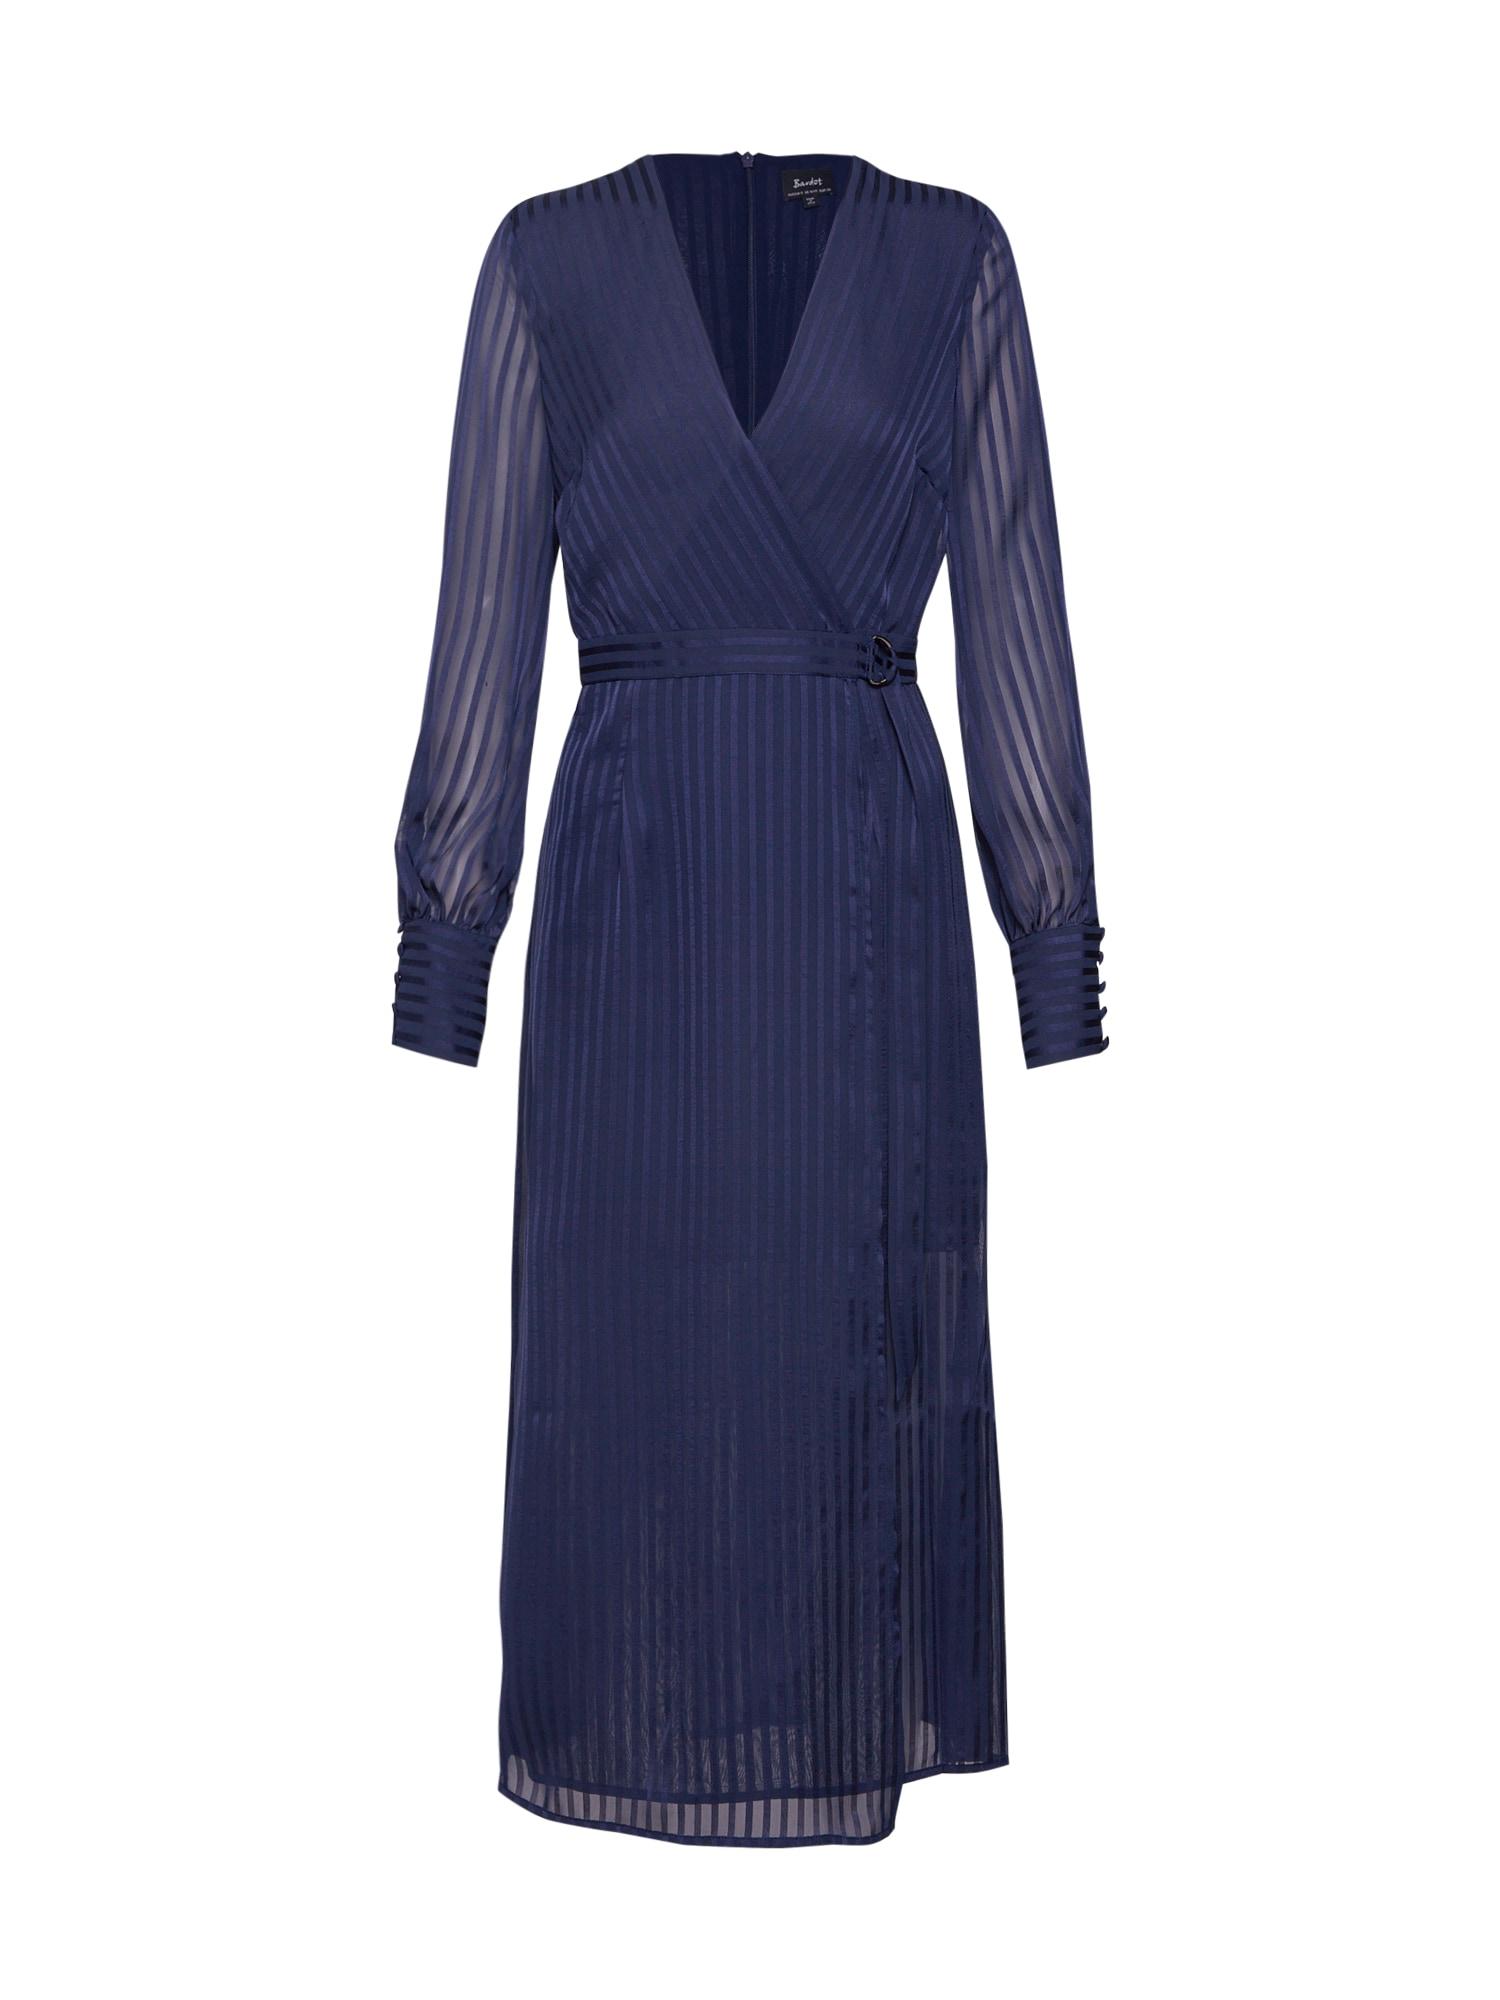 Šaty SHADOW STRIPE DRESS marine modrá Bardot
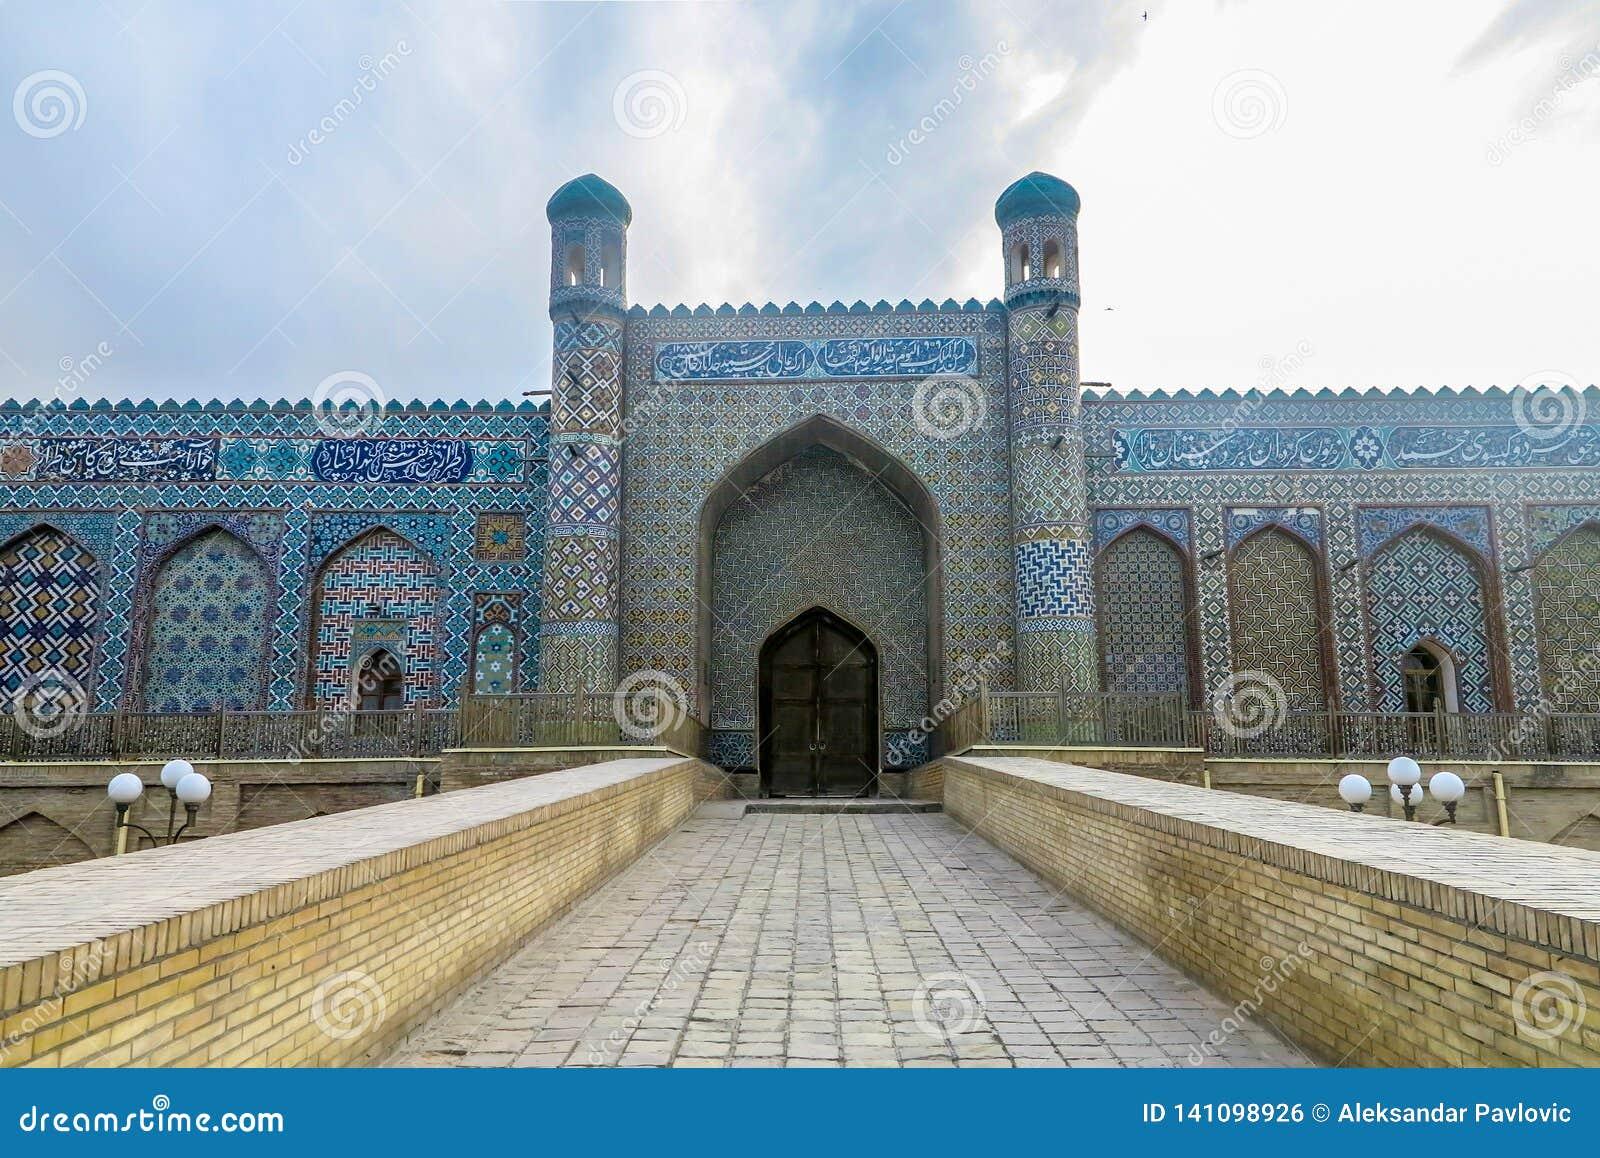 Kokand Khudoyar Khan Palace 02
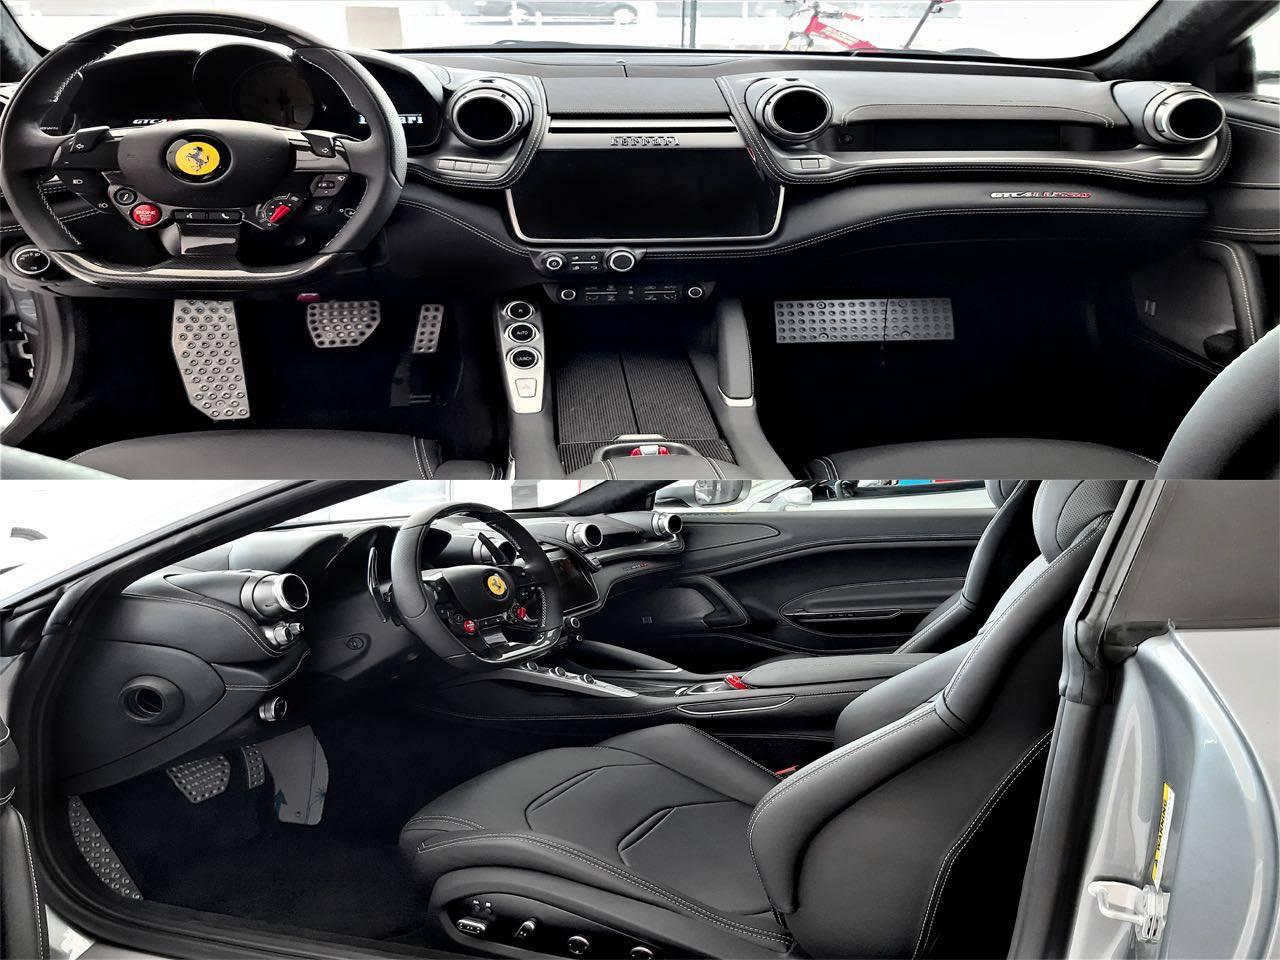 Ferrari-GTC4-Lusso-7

────

*Task statement*
Extract the run of lines beginning with the line that holds "Kokand Khudoyar Khan Palace 02" and ending at the last line of the data, inclusive. Exclude any pictures from the copy.

*Answer section*
 Kokand Khudoyar Khan Palace 02
 Ferrari-GTC4-Lusso-7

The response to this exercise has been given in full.